И, как задумала, первую запись огоревала. Правда, не без волнений, намерзлась порядком, ноги отбила и новую шаль мазутом измазала. Другие займут очередь и ходят по парадным греются, чай из термосов наливают, а Паня нет — честно отстояла, да и боялась она отлучаться: двоих гуляк вытолкали на глазах.
Непривычно ей на снегу без дела, и, не держи в уме Чеснокова, ушла бы сразу, когда кто-то из очереди проклятых спекулянтов помянул. Между спорами да разговорами услышала она от всеведущих бабок, что и на ковры тоже запись идет. Прикинула Паня, что на пять мебельных магазинов не разорваться: она хитра, но и магазинное начальство тоже не лыком шито — три дня всего отвело на запись, чтоб не мудрили с очередями, кочуя по магазинам. И вышло — полторы сотни надо добрать на коврах.

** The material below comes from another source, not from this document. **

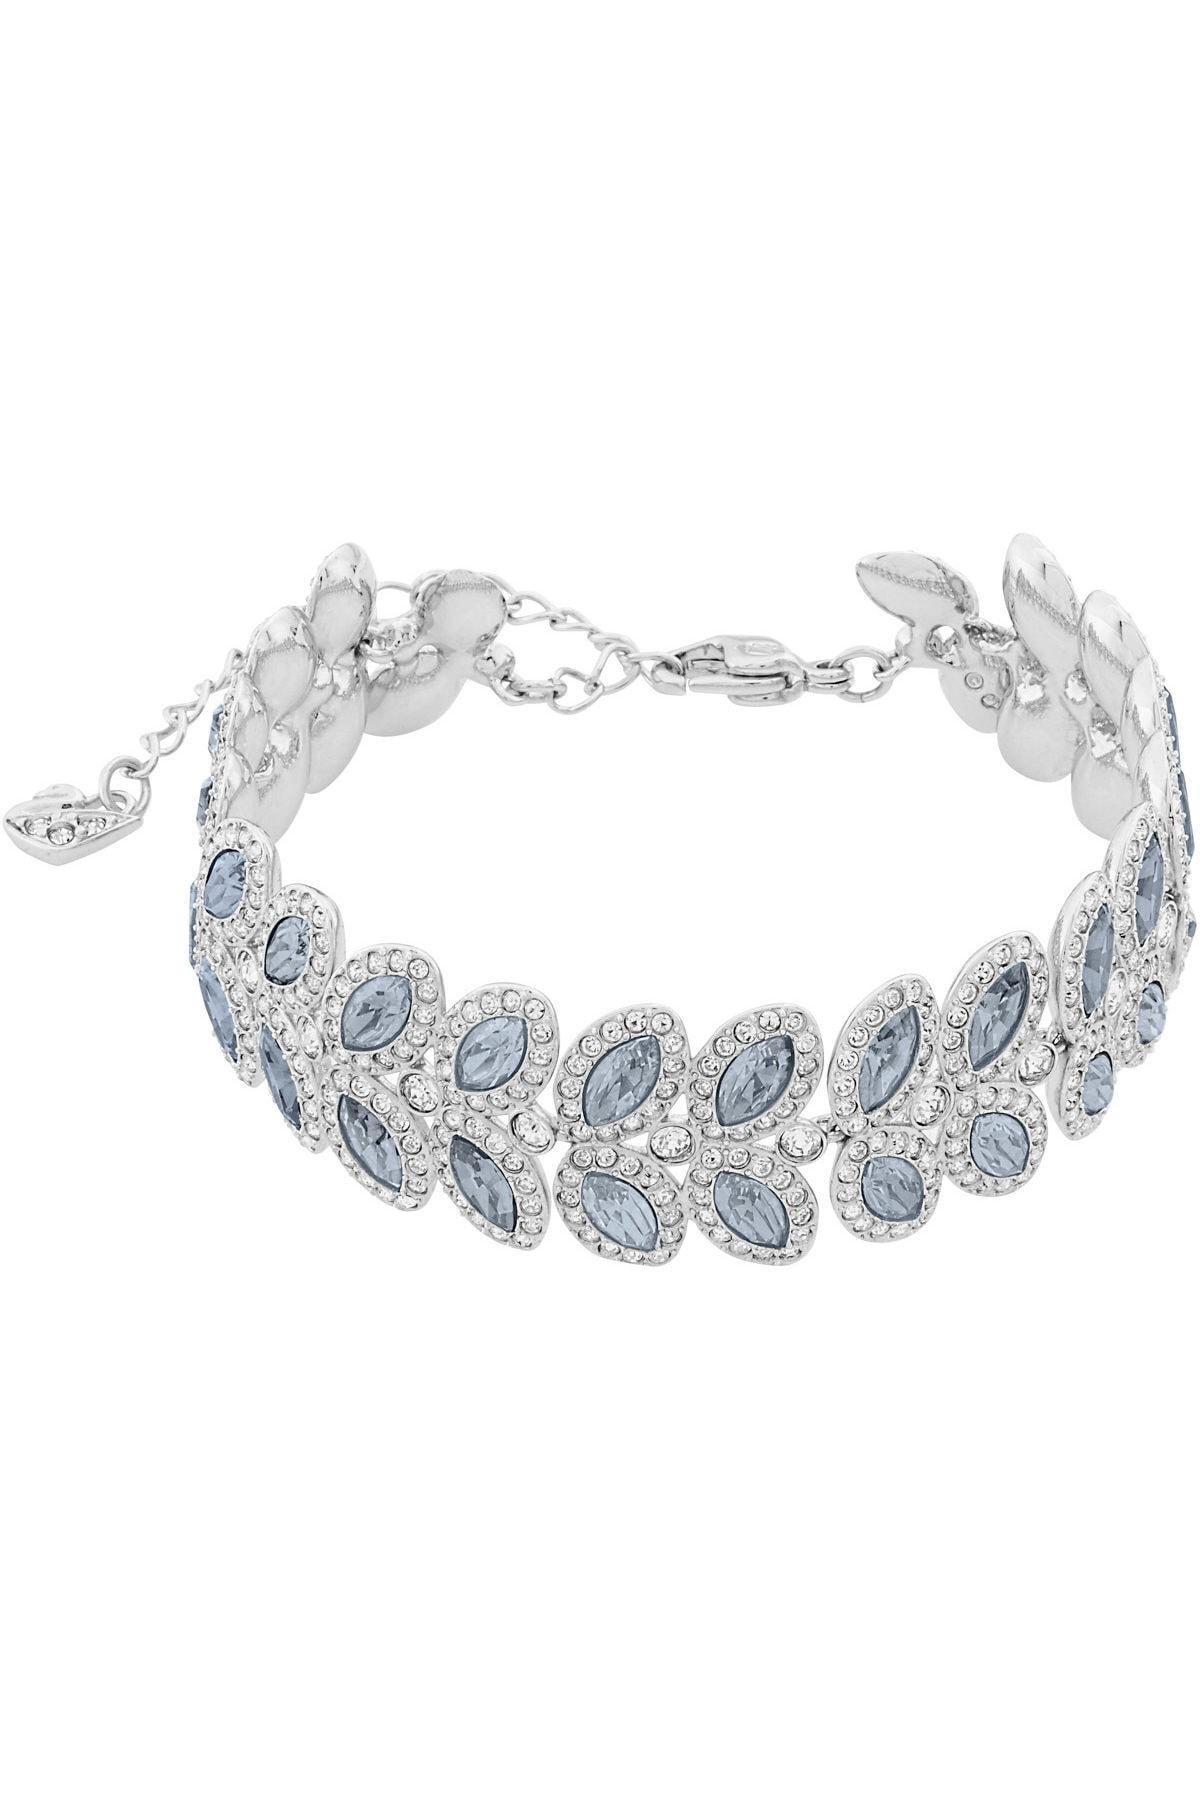 Swarovski Kadın Bilezik Baron:Bracelet Cryblsh/Rhs M 5074352 1

Как очумелая, моталась Паня по городу, день с ночью путала, лицом потемнела. Ни приослабить себя, ни полежать. А вернется домой — лед подоспел или снегу навалит по пояс.
Зато после магазинной горячки даже легче жить показалось. Бывало, нехотя шла выговаривать, чтоб платили за квартиру, а теперь на восьмой этаж взовьется без лифта. Если кто пригласит в комнату, обстановку придирчивей оглядит и что в коридорах наставлено, не упустит.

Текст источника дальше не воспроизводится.